According to Peddinti, The Pathfinder 2.0 report helps organizations “look for areas where there is potential improvement.” Using a snapshot of data from an organization’s ERP system, the report can identify ways to improve processes and performance. In the case of Mrs. T’s Pierogies, the report was used to prepare for the forthcoming implementation project, identify top custom code transitions (and eliminate some unnecessary custom code), see new or changed processes in SAP S/4HANA, and bolter the organization’s business case.
Coyle said the report helped him understand the changes necessary to complete the implementation project.
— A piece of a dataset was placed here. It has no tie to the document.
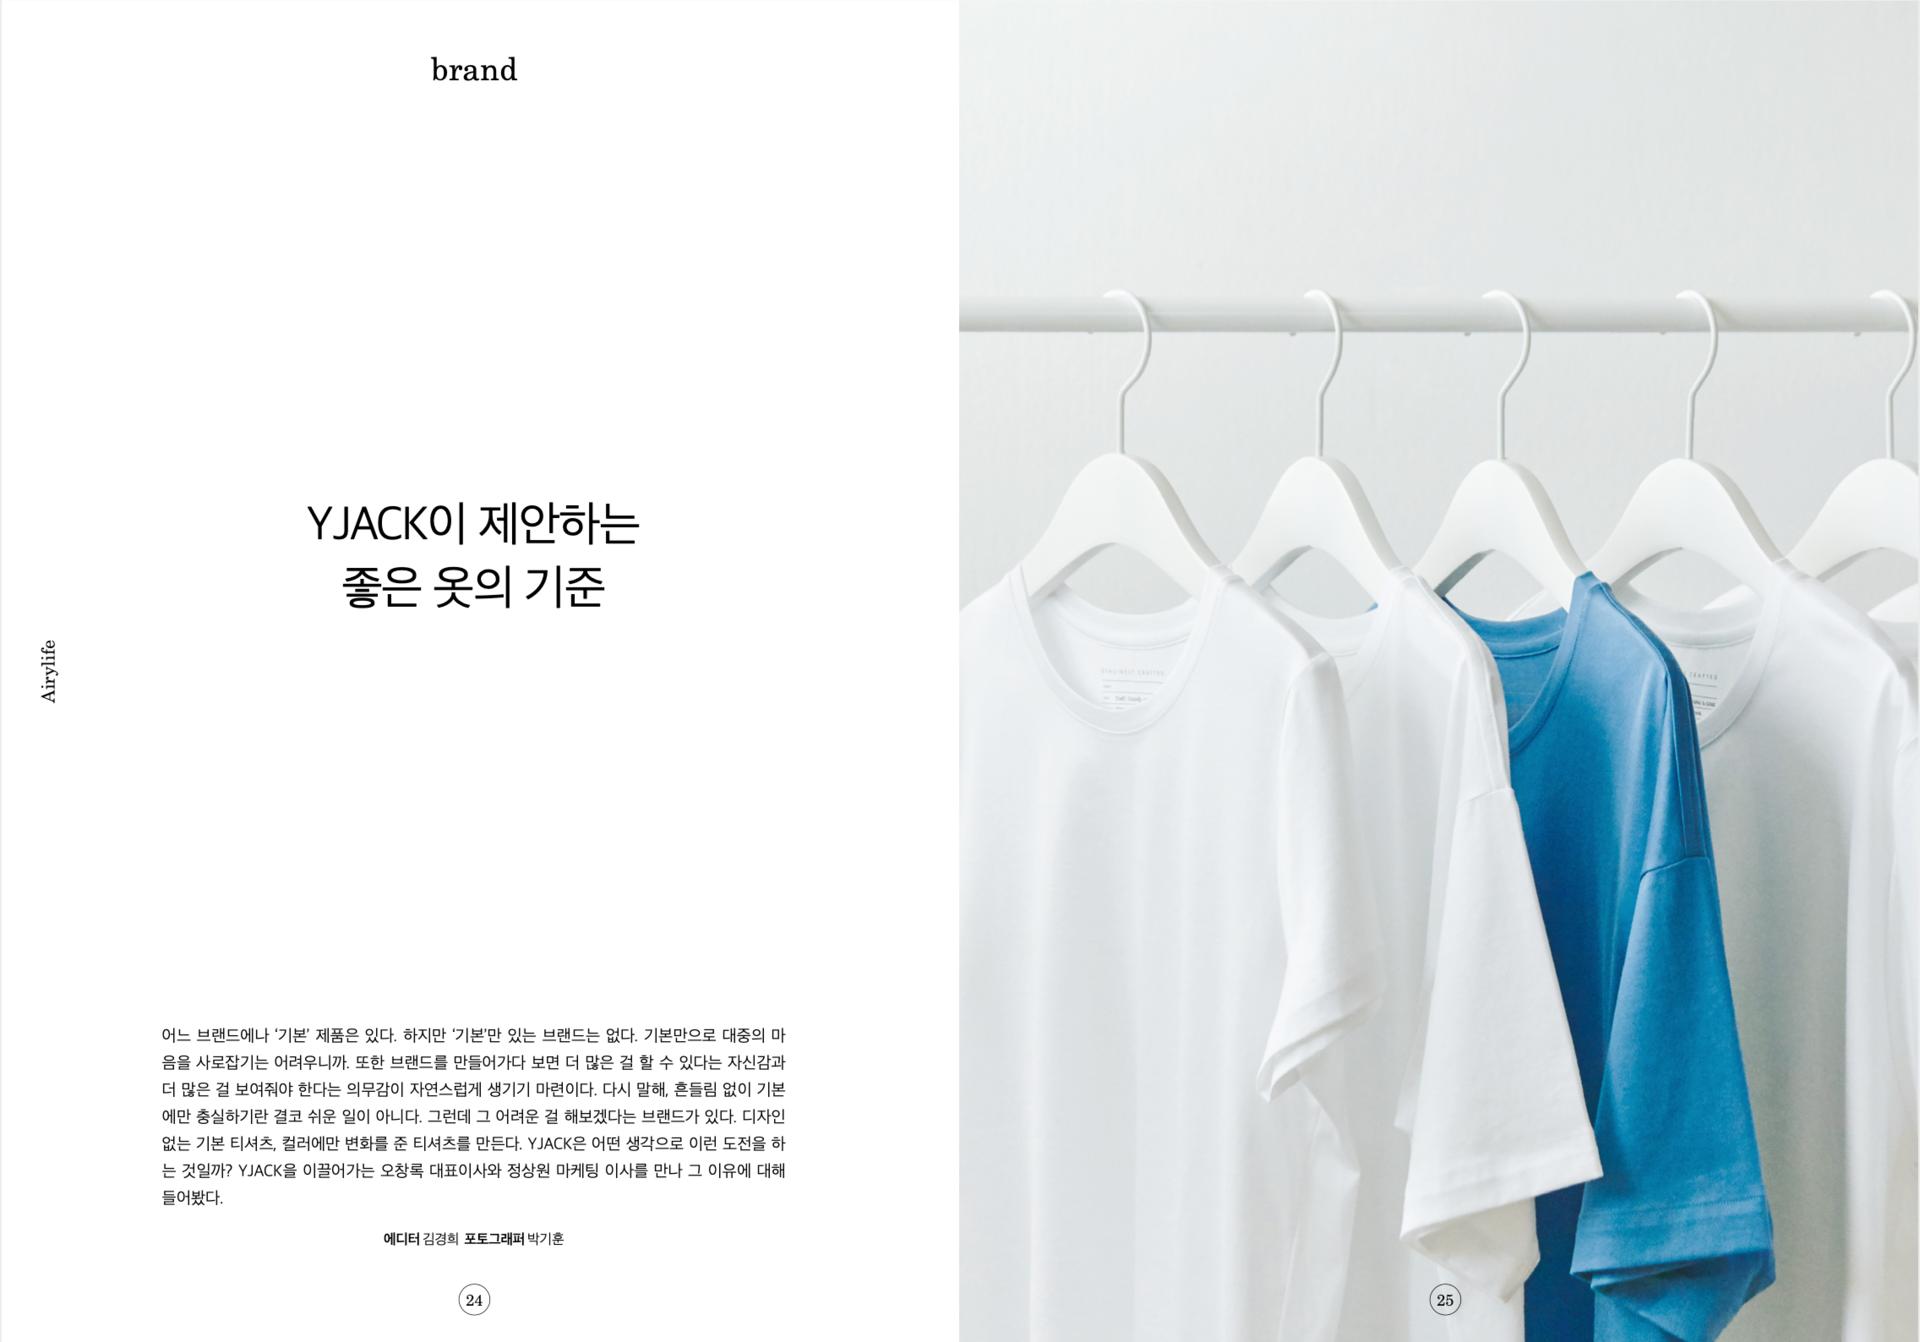 YJACK이 제안하는 좋은 옷의 기준 (에어리 라이프-AIRYLIFE)
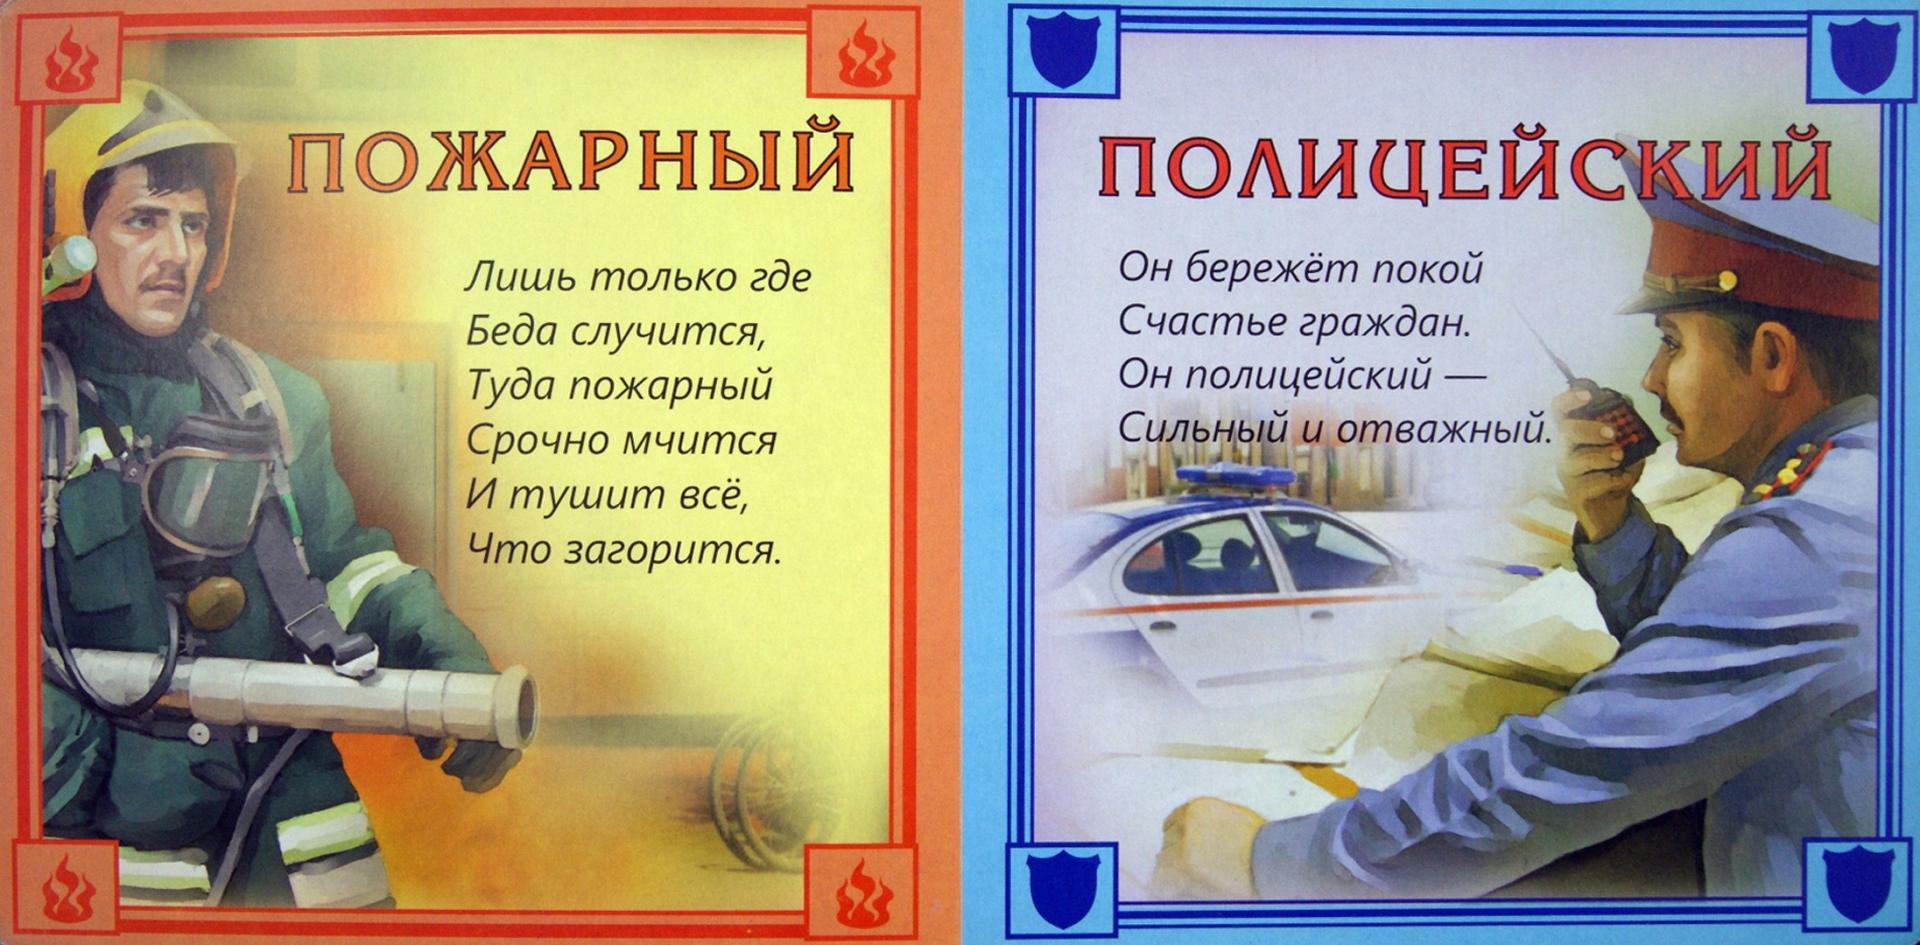 Иллюстрация 1 из 6 для Профессии - Наталья Курлат | Лабиринт - книги. Источник: Лабиринт

Thoughts from the Top: Q&A with Christian Klein
One of the final sessions of the conference featured Scott interviewing Christian Klein, CEO of SAP. Their wide-ranging conversation covered a variety of topics, but Klein spent a large portion of the sessions discussing RISE with SAP, the subscription-based transformation offering SAP unveiled earlier this year as a way to help more customers migrate to the cloud and SAP S/4HANA, and eventually become Intelligent Enterprises.
“RISE [with SAP] is an assembly of all the customer requirements we heard when we launched our new product strategy 12 months ago,” Klein said.
He noted that customers were initially disappointed that they couldn’t see any business model changes after moving to the cloud.
“That is why we infused into RISE [with SAP] this BPI (business process intelligence) layer,” Klein said.
Klein also spoke about the “harmonized data layer” that is an important aspect of the Intelligent Enterprise. Companies that are operating with data silos are inherently at a disadvantage, and Klein said that this way of running a business is not only costly but also “destroys the experience for the customer and the employee.”
“RISE [with SAP] is more than just a move to the cloud,” Klein told Scott. “It’s a move to the standard.” He emphasized the importance of keeping an ERP platform “clean.”